Introduction

With a continuous progress in development of newer and effective cancer-related therapies, much improvement in survival has been achieved in many cancers. However, there has been hardly any headway when it comes to pancreatic ductal adenocarcinoma (PDAC), and it is still one of the most fatal cancers, with a 5-year survival rate of 5–10% [1]. The main hindrance being difficulty is in its early detection, as most patients are asymptomatic in early stages of cancer and the inherent aggressive tumor biology of PDAC. At the time of diagnosis, 10–20% of tumors are operable; 30–40% are borderline resectable (BRPC), while remaining are either locally advanced or metastatic [2]. For advanced disease, palliative chemotherapy and/or radiotherapy remain the only treatment option.

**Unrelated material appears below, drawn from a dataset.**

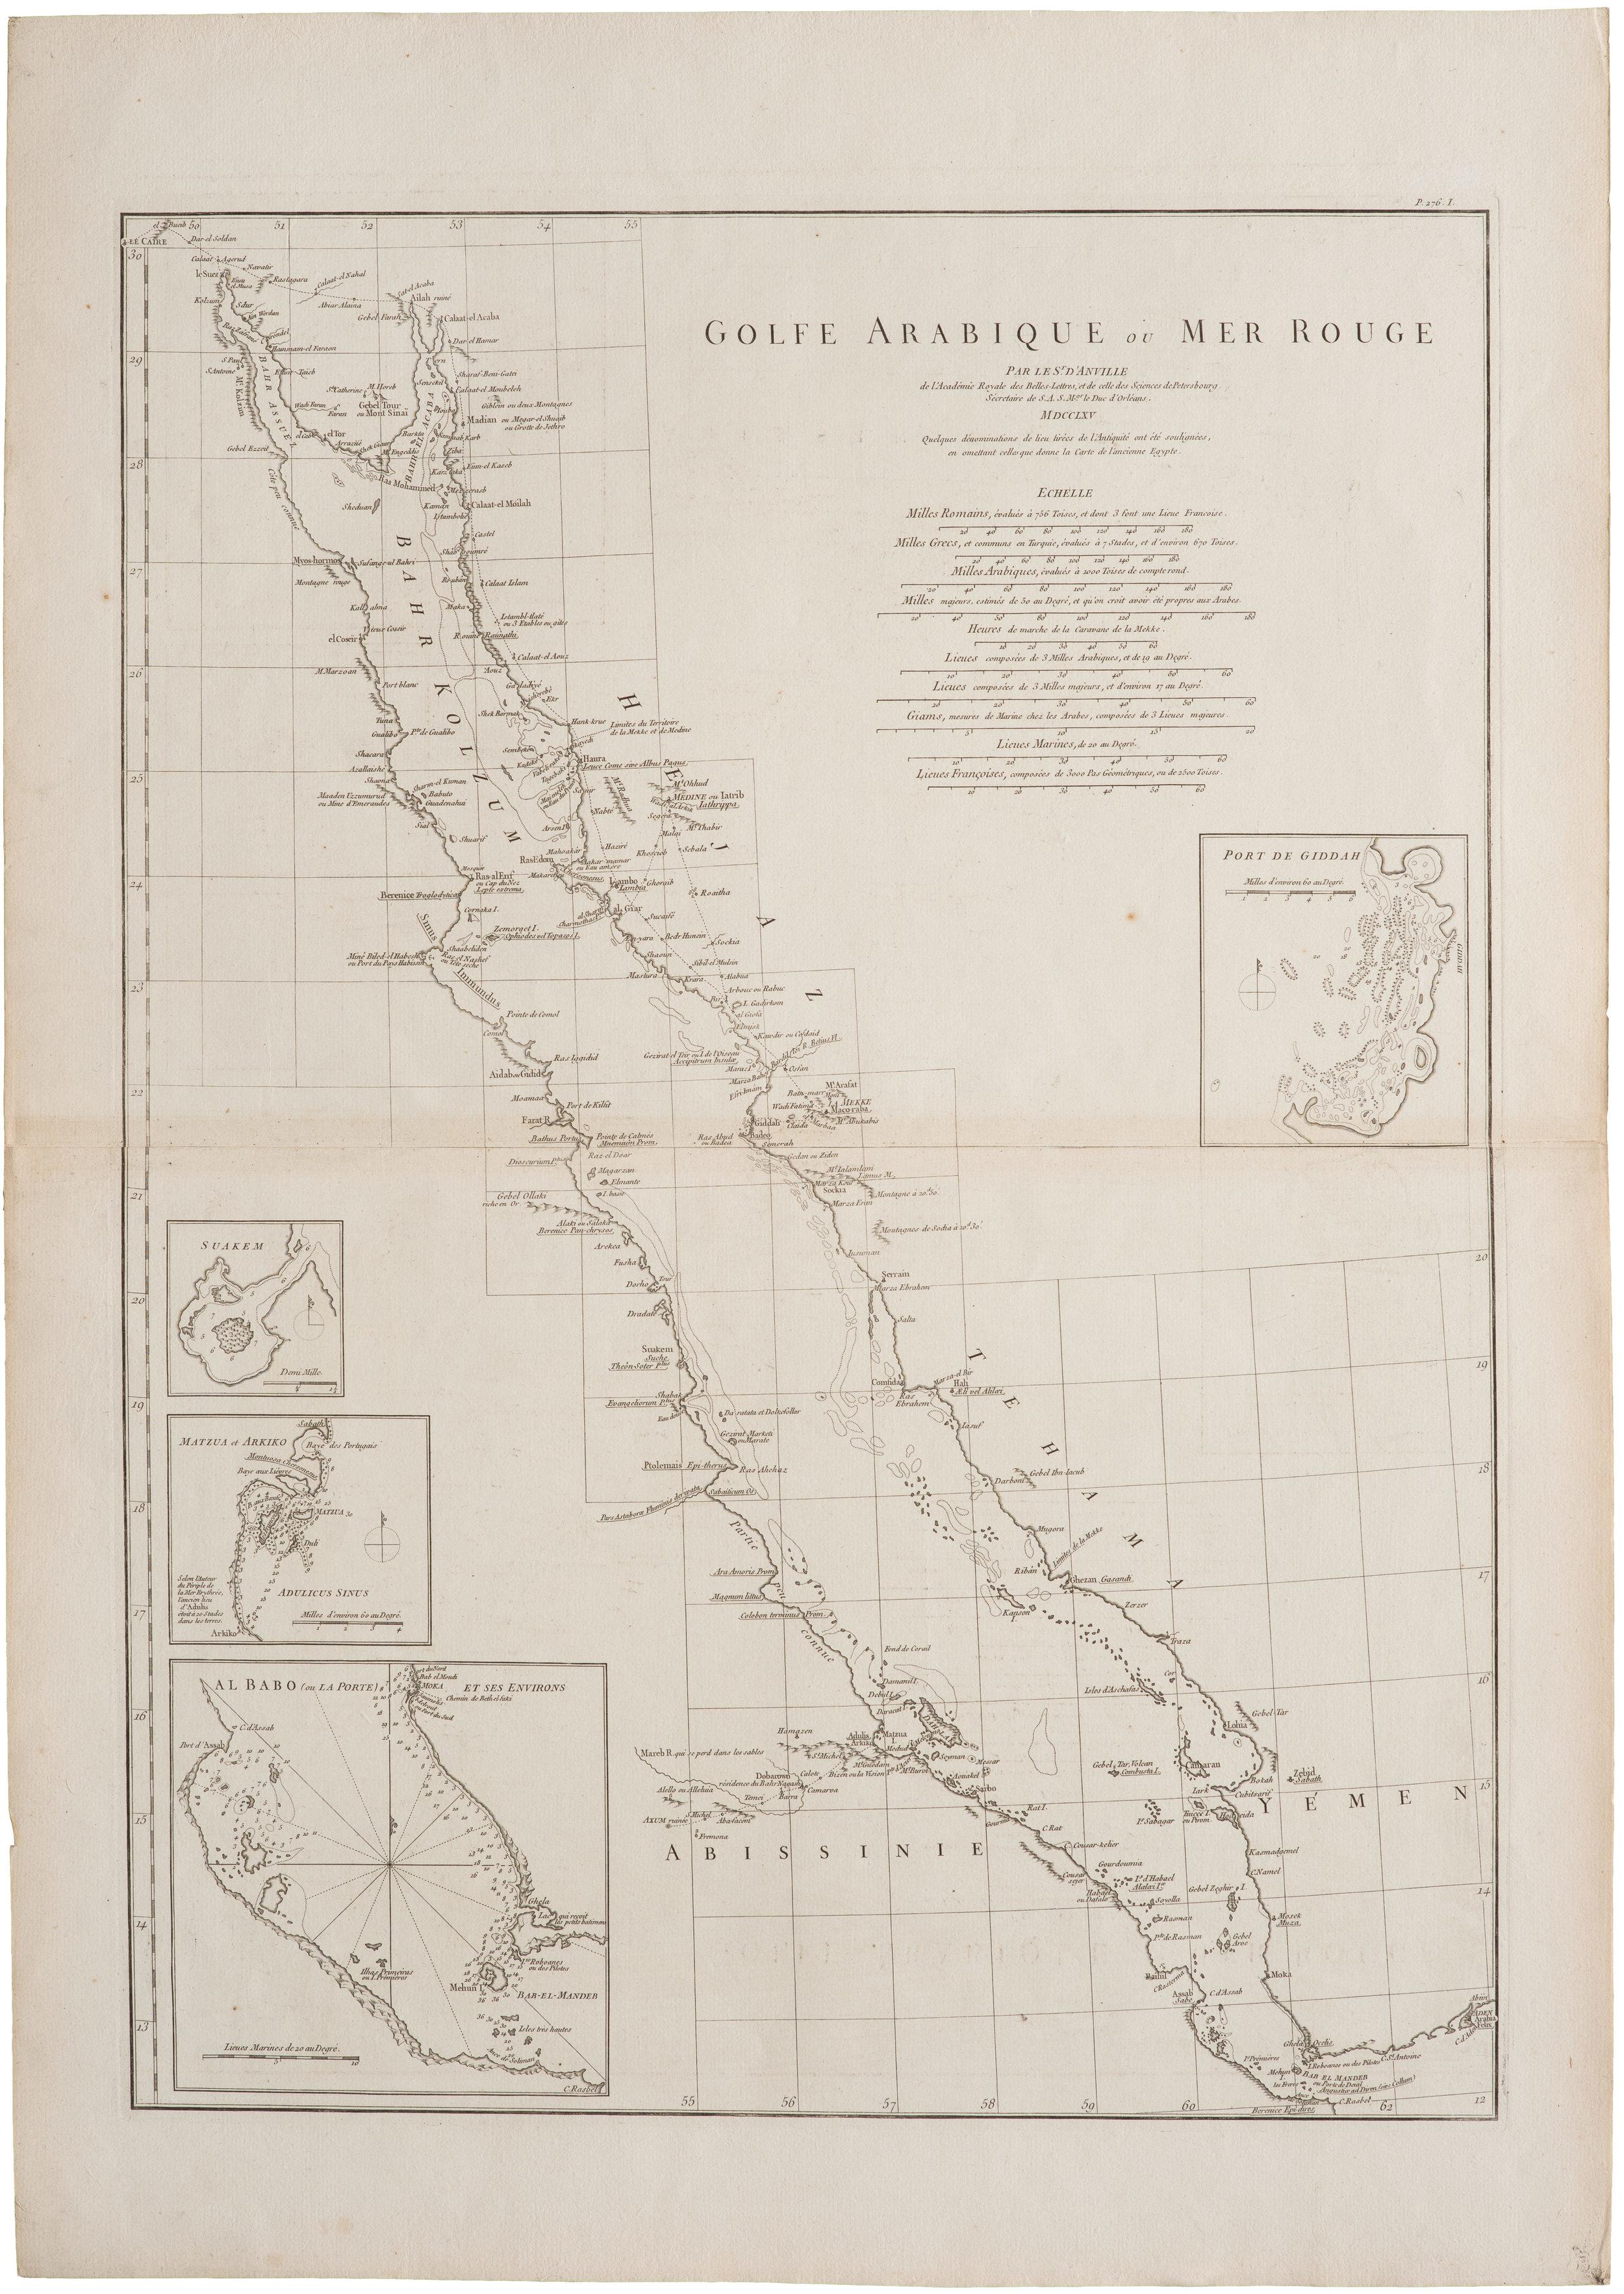 1765 - D'Anville

Operable pancreatic cancers are generally divided into resectable and borderline resectable depending upon radiological features and relation to surrounding vessels, predicting the risk of margin positivity. This distinction is important, in order to offer neoadjuvant treatment in BRPCs, which has shown to increase the percentage of R0 resections and reduce lymph node positivity, thus reducing the risk of local recurrence [3]. A prognostic marker which can predict margin positivity in a seemingly upfront resectable tumor will help in deciding the criteria of resectability and need of neoadjuvant chemotherapy in this patient population. However, this requires that patients are risk stratified before starting treatment. Radiological evaluation is not entirely accurate in distinguishing resectable from borderline tumors, as radiological findings do not always correlate with intraoperative findings and histopathological parameters. Contrast-enhanced computed tomography (CECT) has poor sensitivity (77%) to predict vascular invasion, and endoscopy ultrasound (EUS) has high false positives or negatives (33%) to predict resection [46].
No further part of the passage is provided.